In a recent report from the Labor Department, U.S. employers added a solid 199,000 jobs last month, signaling continued strength in the job market. The unemployment rate dropped from 3.9% to 3.7%, offering further evidence that the economy may be heading toward a sought-after “soft landing,” where inflation returns to the Federal Reserve’s 2% target without triggering a significant recession.
The report highlighted a steady decline in the unemployment rate, reaching 3.7%, just above the five-decade low of 3.4% in April. This marks nearly two years of the jobless rate remaining below 4%, the longest streak since the late 1960s.

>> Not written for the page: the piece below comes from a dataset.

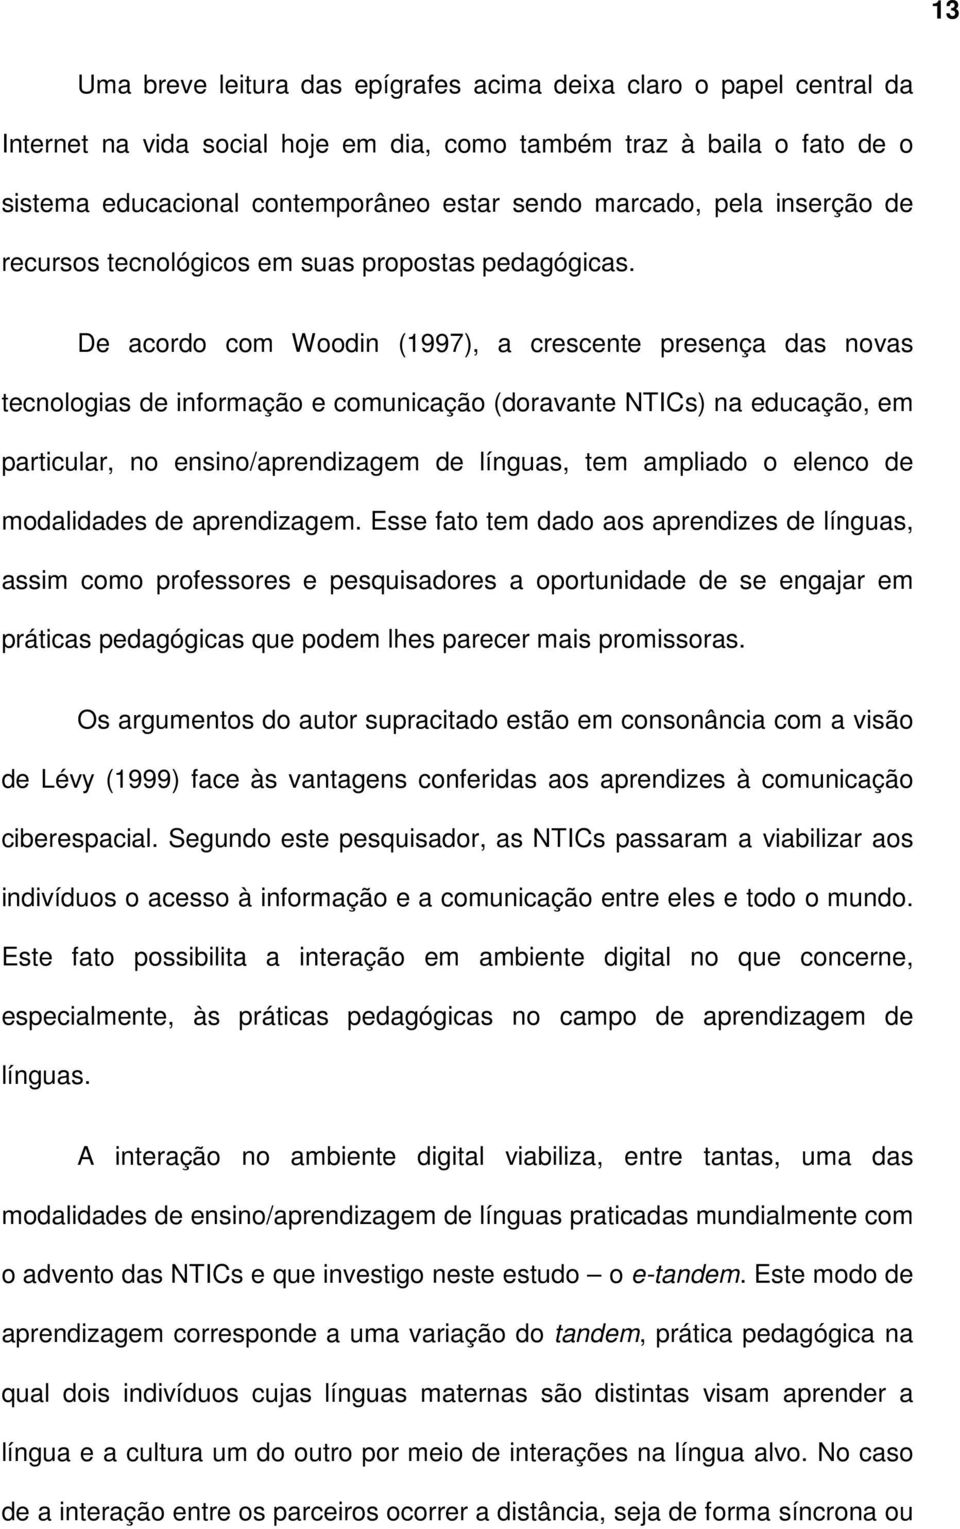 De acordo com Woodin (1997), a crescente presença das novas tecnologias de informação e comunicação (doravante NTICs) na educação, em particular, no ensino/aprendizagem de línguas, tem ampliado o

It’s worth noting that the job gain for the month was influenced by the return of approximately 40,000 auto workers and actors who were on strike in October but resumed work in November.
Recent economic data, including the latest jobs report, suggests that the economy and the labor market are shifting back to pre-pandemic norms. Businesses are still hiring, but the urgency to fill a large number of positions has diminished. More Americans are rejoining the job market, and immigration has increased this year.
This shift has made it easier for employers to hire, reducing concerns about worker shortages and alleviating pressure to aggressively raise wages, which could contribute to inflation.
Robert Frick, an economist at the Navy Federal Credit Union, noted that the November report reflects a strong but moderating labor market, aligning with the Federal Reserve’s goals of slowing economic growth and inflation through recent interest rate hikes.
The average job gain over the past three months has slightly decreased, averaging just over 200,000 compared to about 320,000 in the same period last year. Last month’s job growth was concentrated in specific sectors, with the healthcare industry, hotels and restaurants, and governments accounting for the majority of the gains. Conversely, some sectors, including retail, shipping, warehousing, and temporary help agencies, saw job cuts.
Despite these shifts, the hiring gain raised the proportion of employed Americans to 60.5%, the highest level since the onset of the pandemic, though still below the pre-COVID level of 61.1%.
Wages continue to grow at a slightly slower pace, with average hourly pay rising 4% from a year earlier in November. This matches the previous month’s figure and exceeds inflation, supporting consumer spending.
Layoffs remain low, and the overall sentiment indicates a gradual transition into a cooler labor market. Employers, mindful of the challenges faced during the pandemic, are increasingly opting to transfer workers to different divisions rather than implementing layoffs.
The report is unlikely to prompt immediate changes in the Federal Reserve’s approach, as the central bank is expected to keep interest rates unchanged in its upcoming meeting. The Fed’s 11 rate hikes since March 2022 have led to more expensive mortgages, auto loans, credit cards, and business borrowing.
While some anticipate a potential rate cut in the future, the job market’s resilience suggests the Fed can maintain higher rates to combat inflation without immediate concerns about triggering a recession.
Recent economic indicators, such as fewer job openings and reduced job-switching by Americans, point toward a potential soft landing. Most economists expect a slowdown in growth and a continued decline in inflation, with the economy expanding at a more modest rate in the final quarter of the year.
Inflation has receded from its peak in June 2022, and the Fed’s preferred inflation measure indicates prices rising at a rate just above the central bank’s 2% target. The recent remarks by key Fed officials suggest ongoing discussions about the appropriate stance on interest rates, with considerations for potential rate cuts if inflation continues to fall. However, Fed Chair Jerome Powell has emphasized that it is premature to conclude the Fed has raised rates high enough to quell inflation, and discussions about rate cuts are premature.